To get you started, here are some basic tips to keep your long-term relationship full of passion, excitement, and hot, hot sex.
Ring the changes
The first time you have sex with a new partner, it's exciting, exhilarating and passionate: there's so much to discover about your partner, and every time you have sex it seems to be different. So inevitably, when you've been with them a while and you know a few things about their sexual desires and preferences, and you've discovered what they need and what they expect from you in bed, there can be a sense of routine.
The way to deal with this is to just simply change your patterns: if you have sex in the morning, make love in the afternoon; if you have your foreplay in the bedroom, move it to the sitting room. Try having sex out of doors or in every room in the house (yes, every room in the house!). Such changes are simple but they can make a huge difference by introducing an element of excitement and novelty. The same is true, by the way, of toys and clothes and role-play.
Keep your identity
Do you believe that the emotionally closest couples are the ones who stay hang on each other's arms all the time, who are never apart? If so, it might surprise you to learn that the most successful relationships are the ones where the couple maintain a high level of independence -- they have their own interests, their own friends, and their own activities.

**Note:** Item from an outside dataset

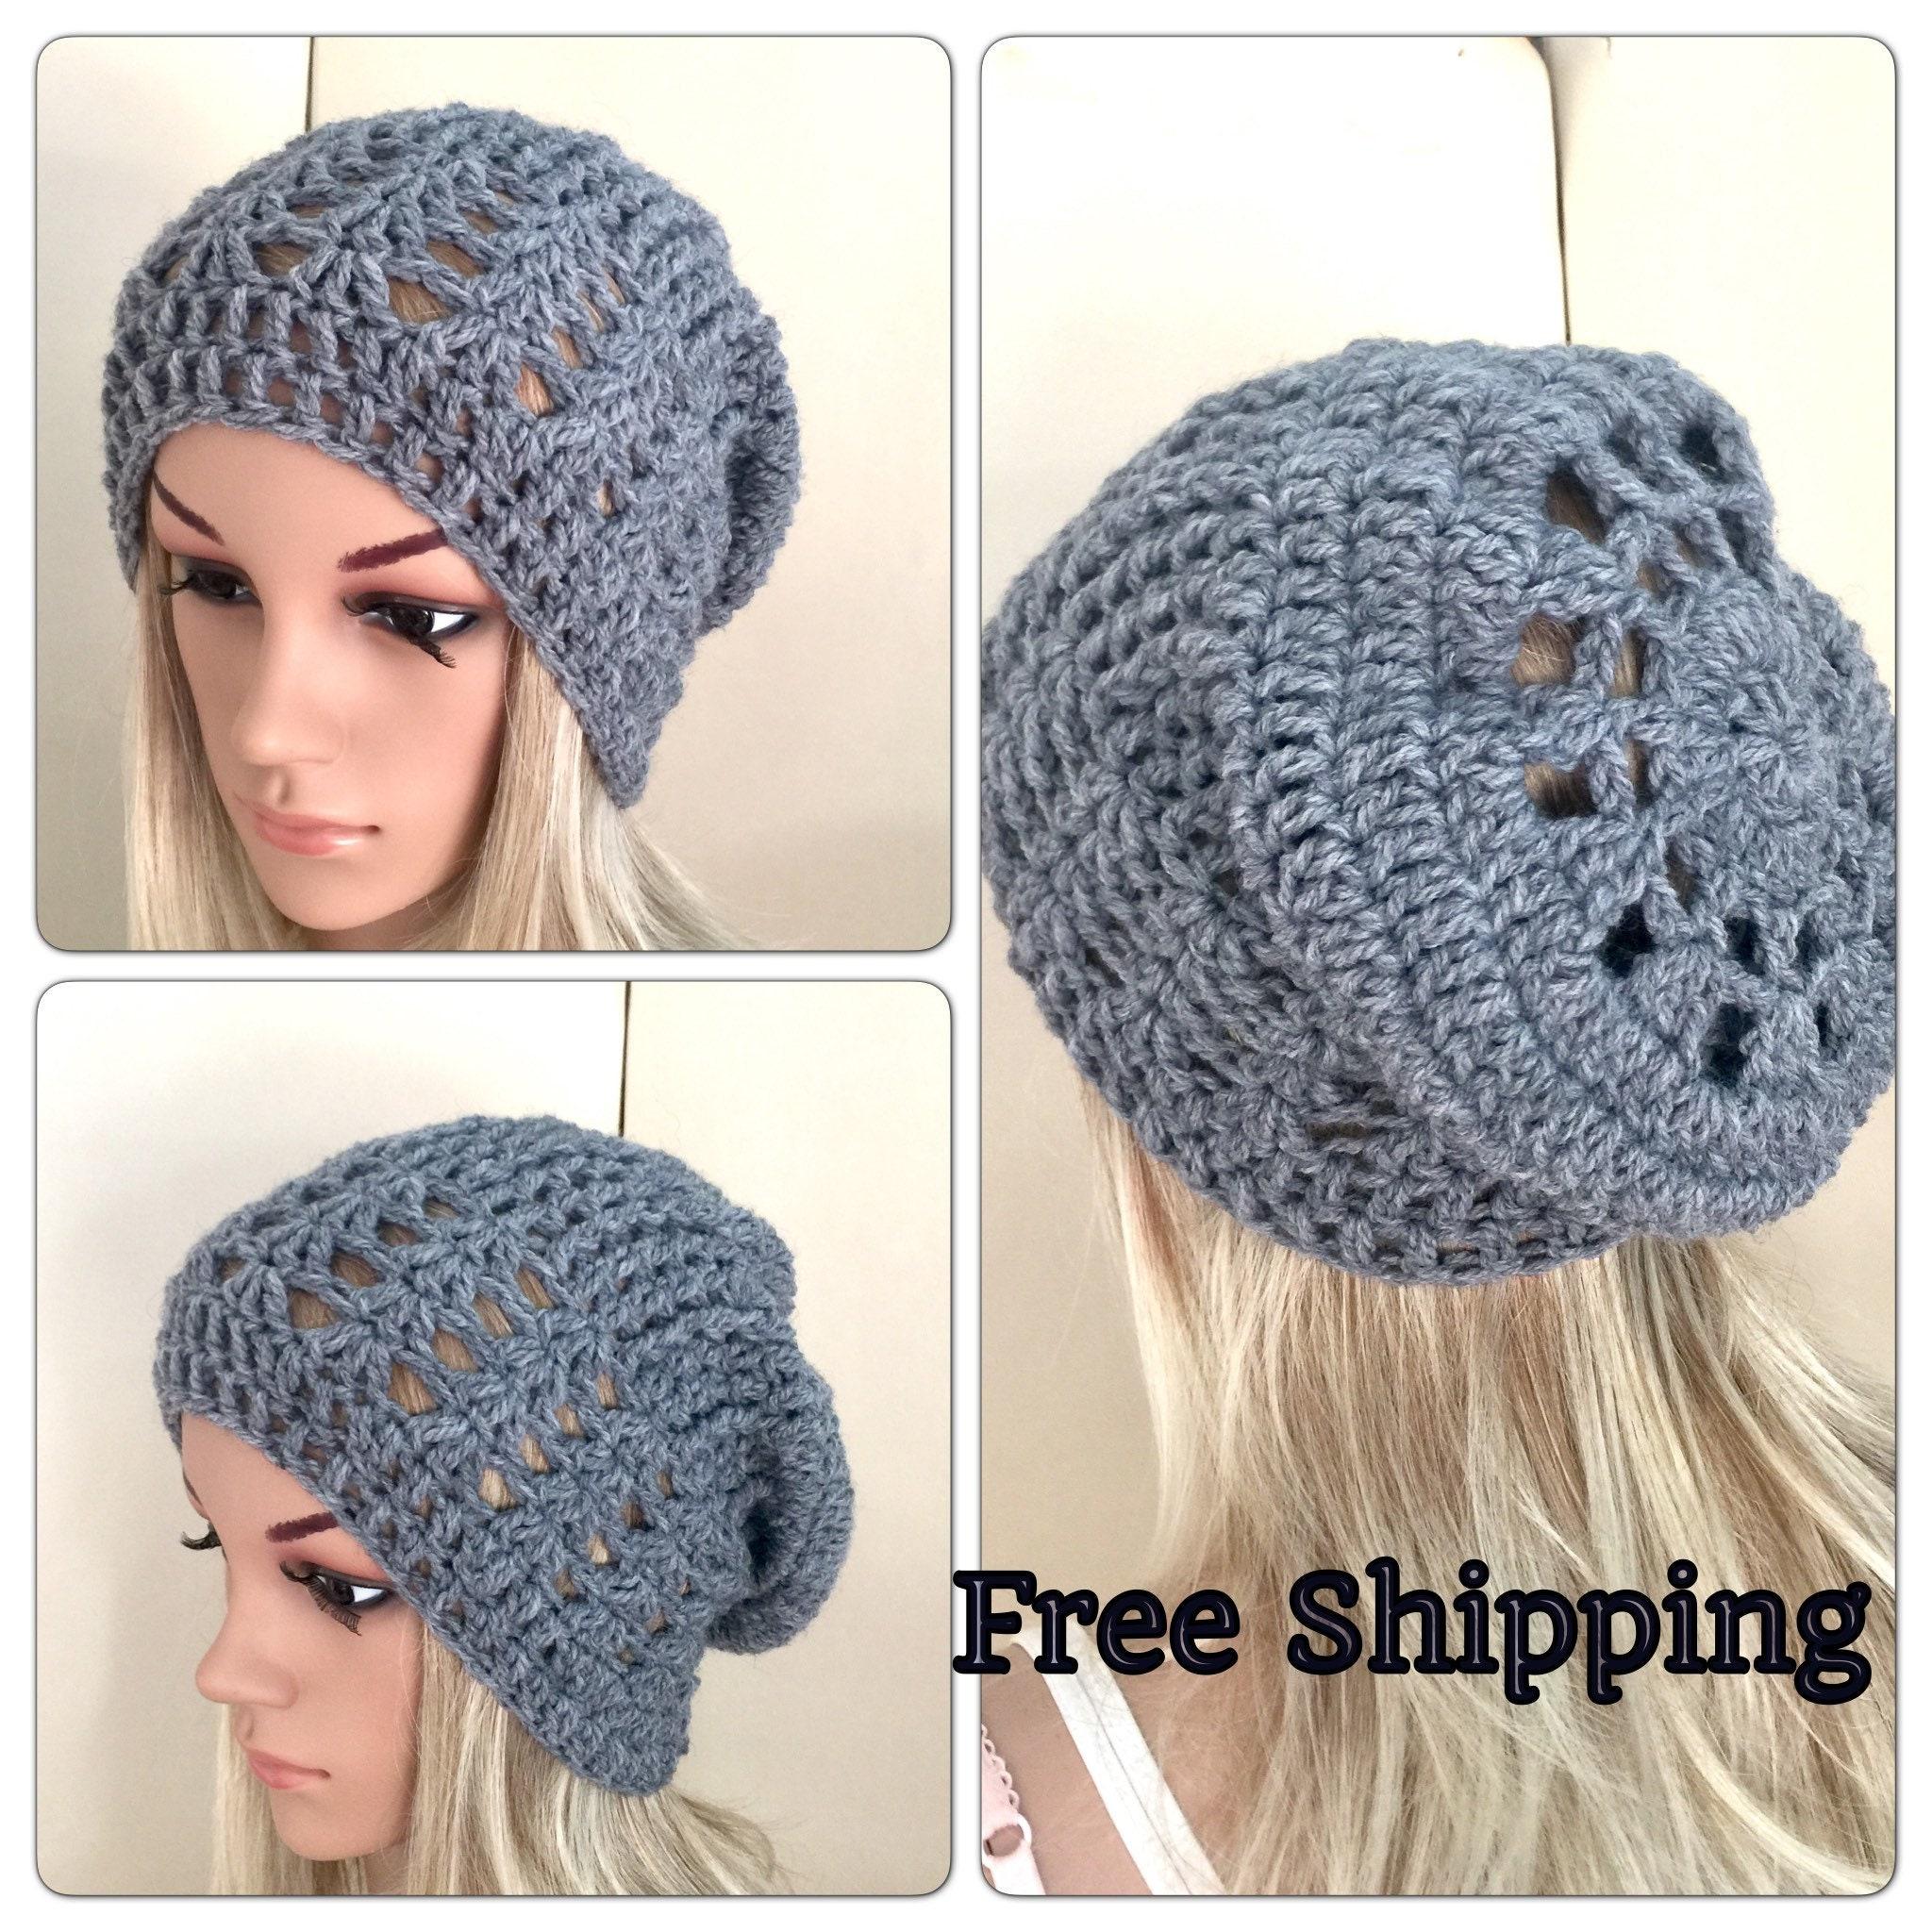 5b339b1aaa5 Grey slouch hat lace Womens hand crochet knit oversized slouchy beanie  snood hat rainbow hippie boho tam teens unique designer mandala

That's not to say that a successful relationship is built on abandoning your partner! Far from it: what it means is that if you have a rich and satisfying life outside the home, you will have an even more rich and satisfying life inside your bedroom with your partner: each time you meet them there, you will see them with fresh eyes.
Prepare to work at sex
But don't get the wrong idea about what that means. The fact is, you just have to put a bit of effort into meeting your partner's needs, as well as expressing your own needs. And simple though this is, doing so will make a huge difference to the level of sexual excitement and emotional satisfaction you feel. After all, good sex is based on intimacy (where intimacy means understanding your partner and feeling close to them). And intimacy is one of the simplest things in the world to build up -- you can build intimacy just by talking, by expressing your innermost thoughts, feelings and desires. Yes, it's as simple as that.
Don't panic
Most people feel insecure if they think their sexual relationship, or their emotional relationship, is threatened. Well, the truth is this rarely happens. If you were brought together by shared values and interests in the first place, and you once found each other physically exciting and sexually desirable, then it's very likely that you have a sound basis for your relationship to continue. If you've lost your way, you simply need a new route map -- and that's what this website will provide.

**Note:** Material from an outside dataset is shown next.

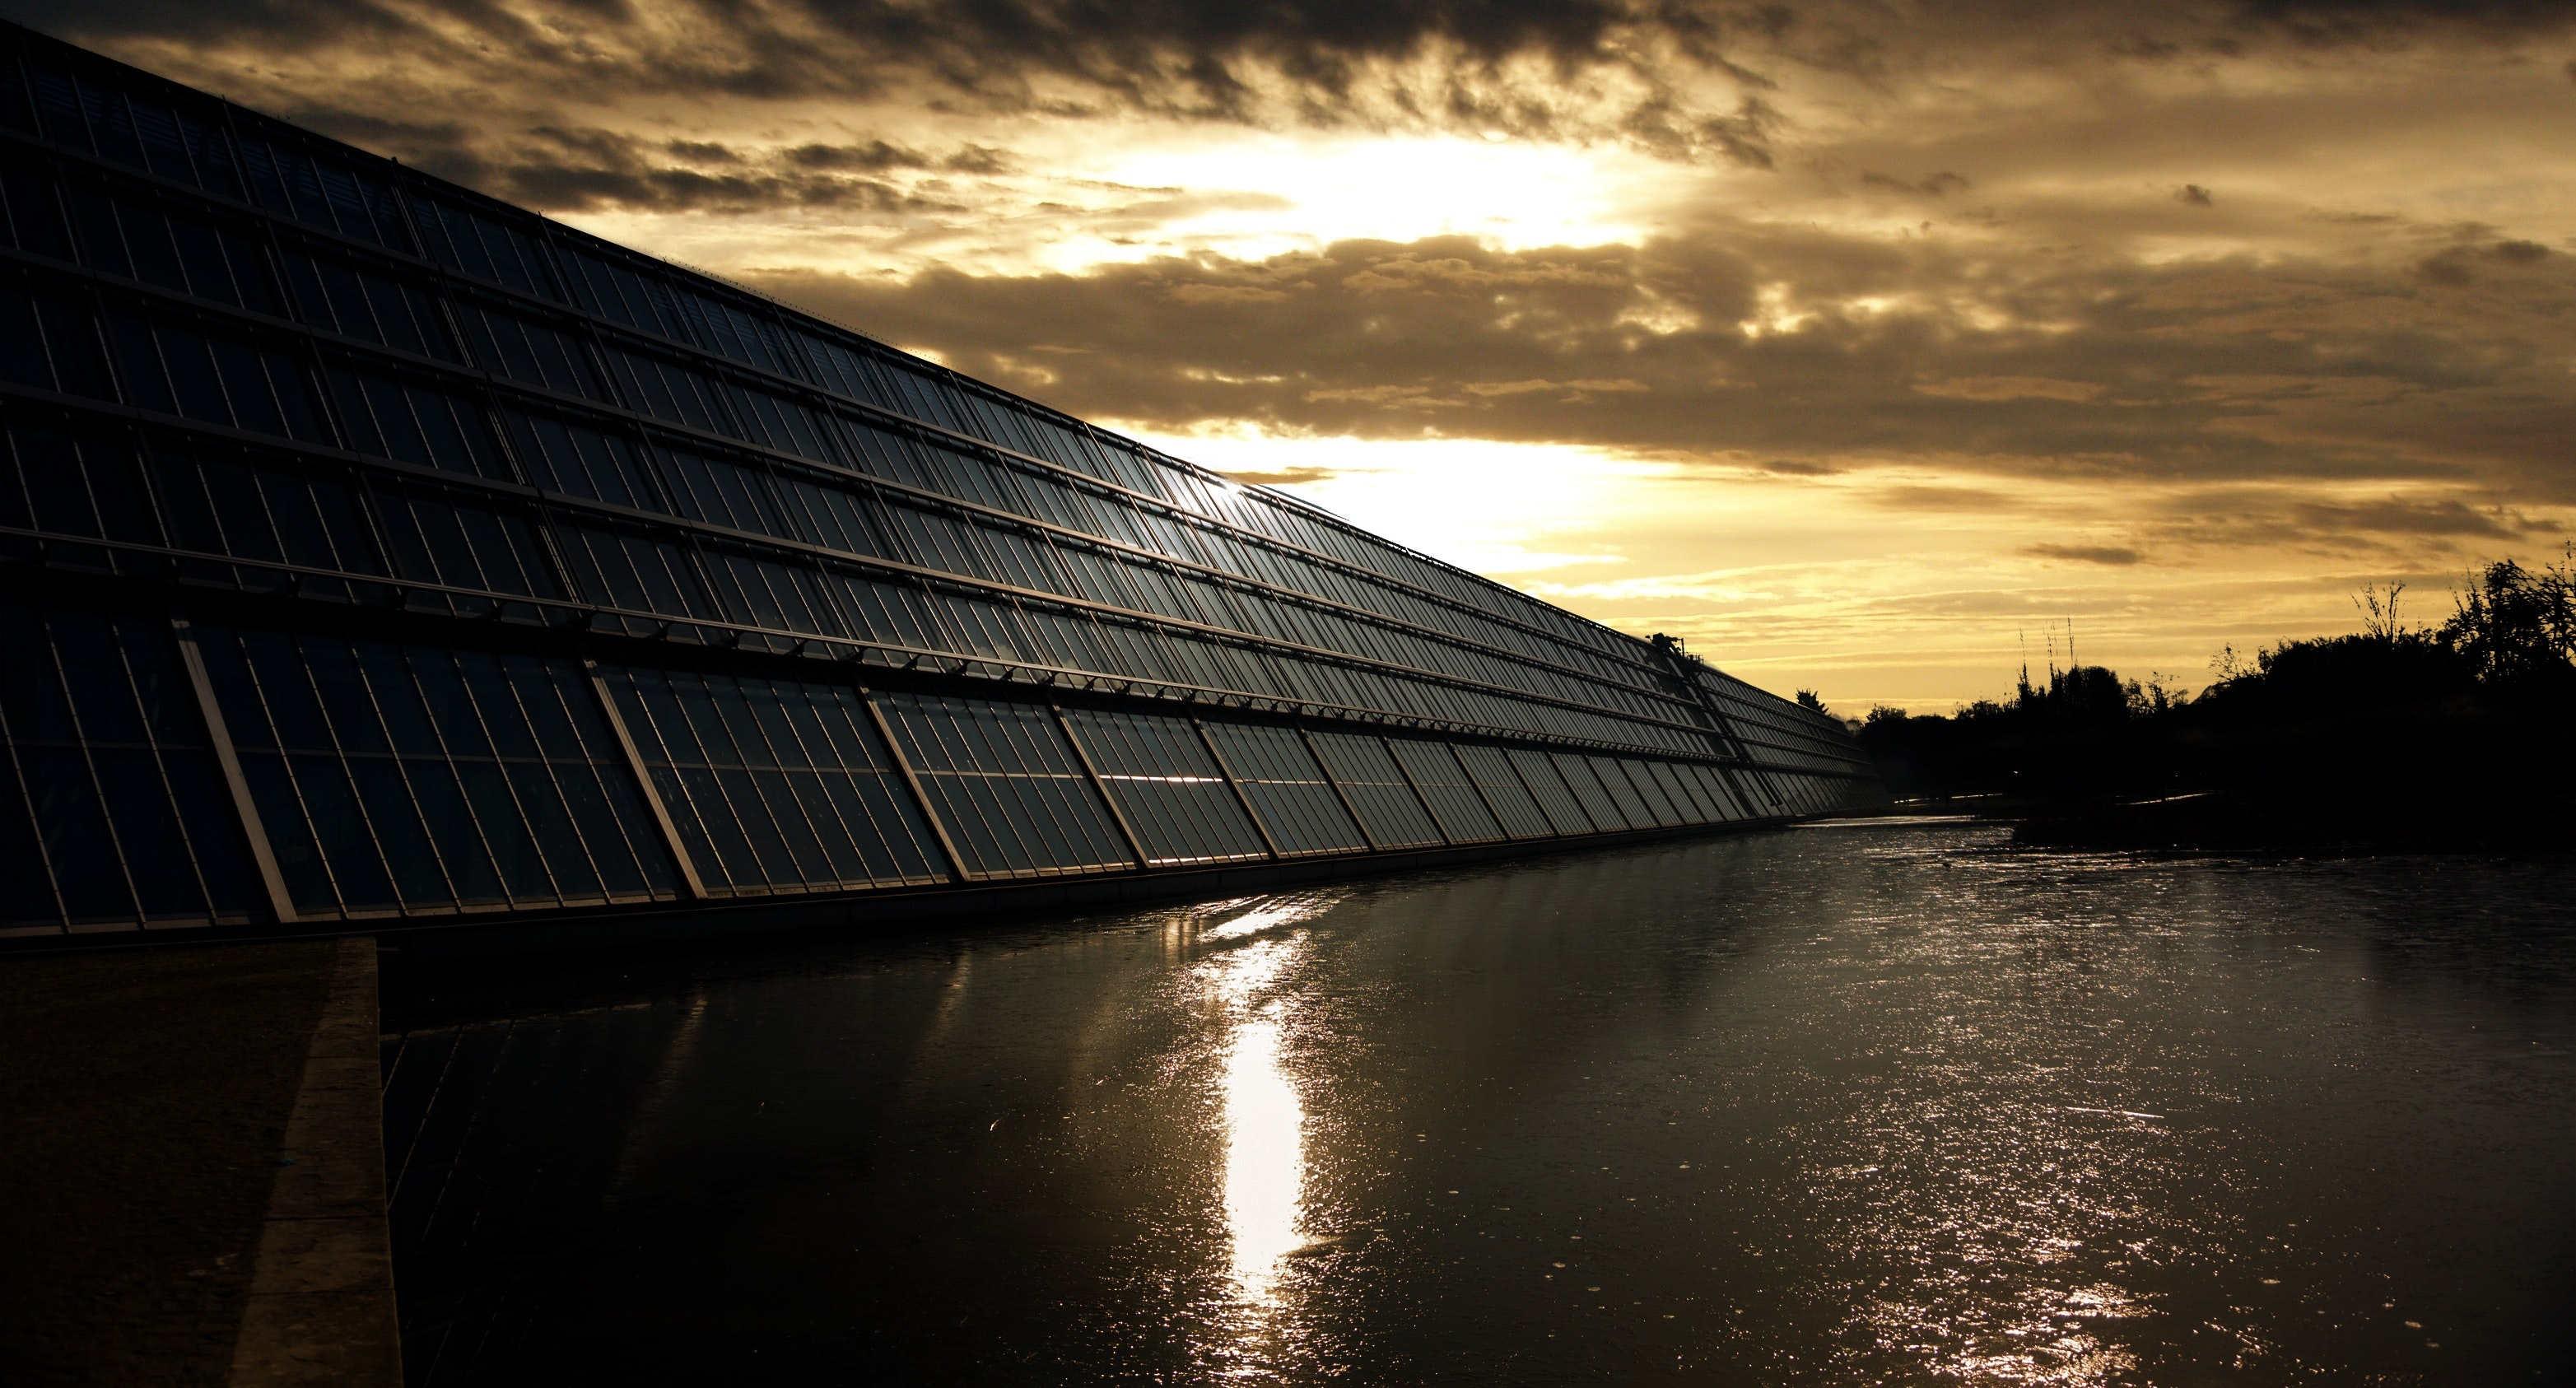 Gruppo Aura Impianto Fotovoltaico Rimini

By the way, it's unhelpful to believe there are rules about how sex should work for a couple, or how often you should be making love: comparing yourself against what you think the rest of the world is a route to unhappiness. But working out what you want to do with your partner, and what he or she wants to do with you can be much more fun! 

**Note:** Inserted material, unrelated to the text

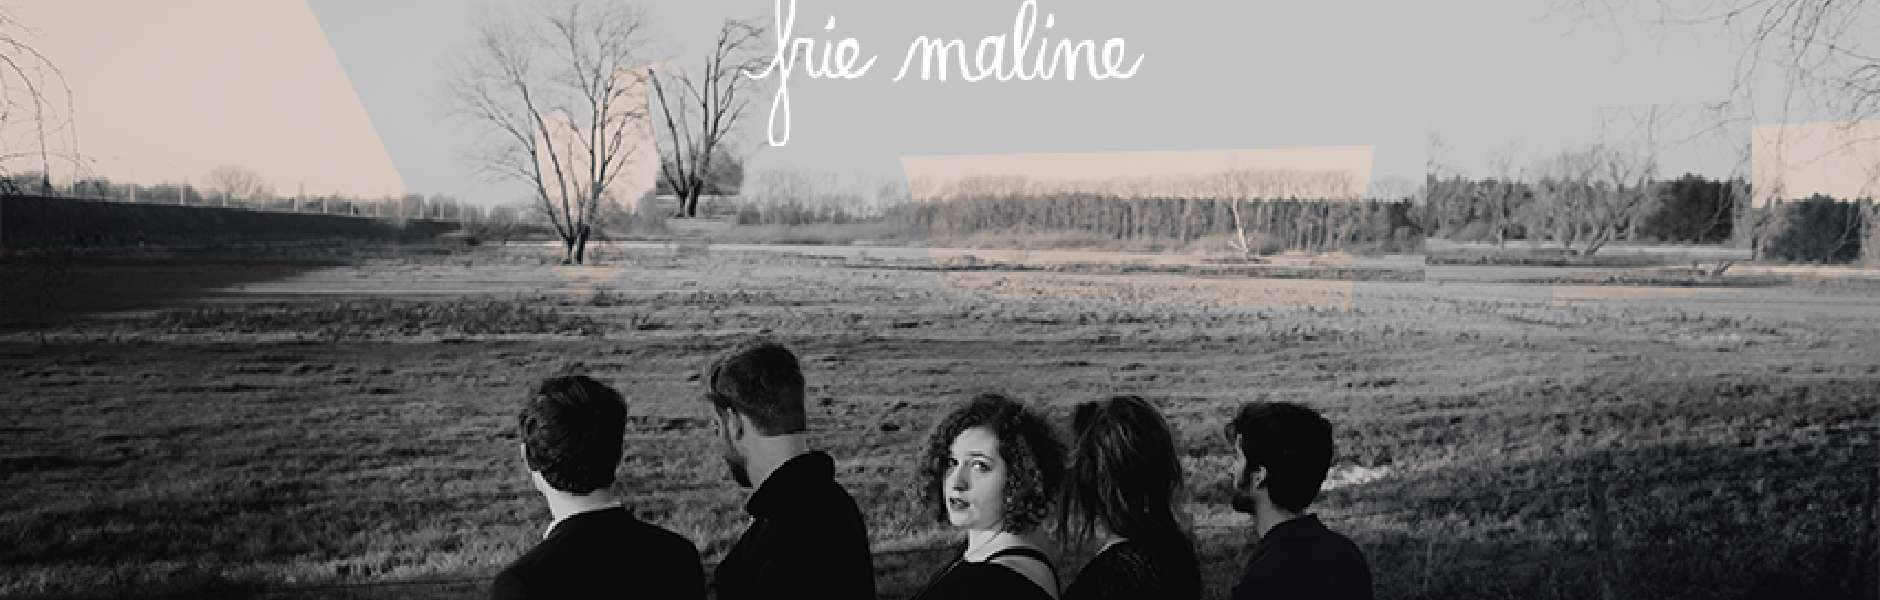 Frie Maline

This is particularly true where one member of the couple has a different level of sexual desire to the other (or even just different expectations about sex). In cases like this, one partner may convey subtle (or not so subtle) rejections or discouragement to the other. For example, a man may want more sex than his partner, but because they are not communicating effectively, she may repeatedly discourage him.  It's not hard to see how this might lead to a decline in sexual activity. But again, it's so easy to put it right, and to find a way for both members of the couple to get their sexual and emotional needs fully satisfied in a loving relationship -- no matter how long-term it is. Let us guide you here: we explain in simple, straightforward steps everything that you need to know to keep the fires of passion burning and your relationships simmering for the long term!
Stay loving
We've already mentioned the need for intimacy to sustain a relationship. But there's more to it than that: in the early days of a relationship, the excitement of being with your partner is enough to keep you coming back for more. When you've been together for a few months or even years, your partner may be more attracted by deeper qualities:  your honesty, your values, your loyalty, your sensitivity, your confidence ... whatever they partner feel is attractive and important. These are the qualities you can share to best advantage, the qualities that will make your relationship blossom again. We explain exactly what men and women want in a long-term relationship on this website, so that you can understand exactly what your partner is looking for, how you can provide it without giving yourself away, and exactly how you can get what you need from them in return .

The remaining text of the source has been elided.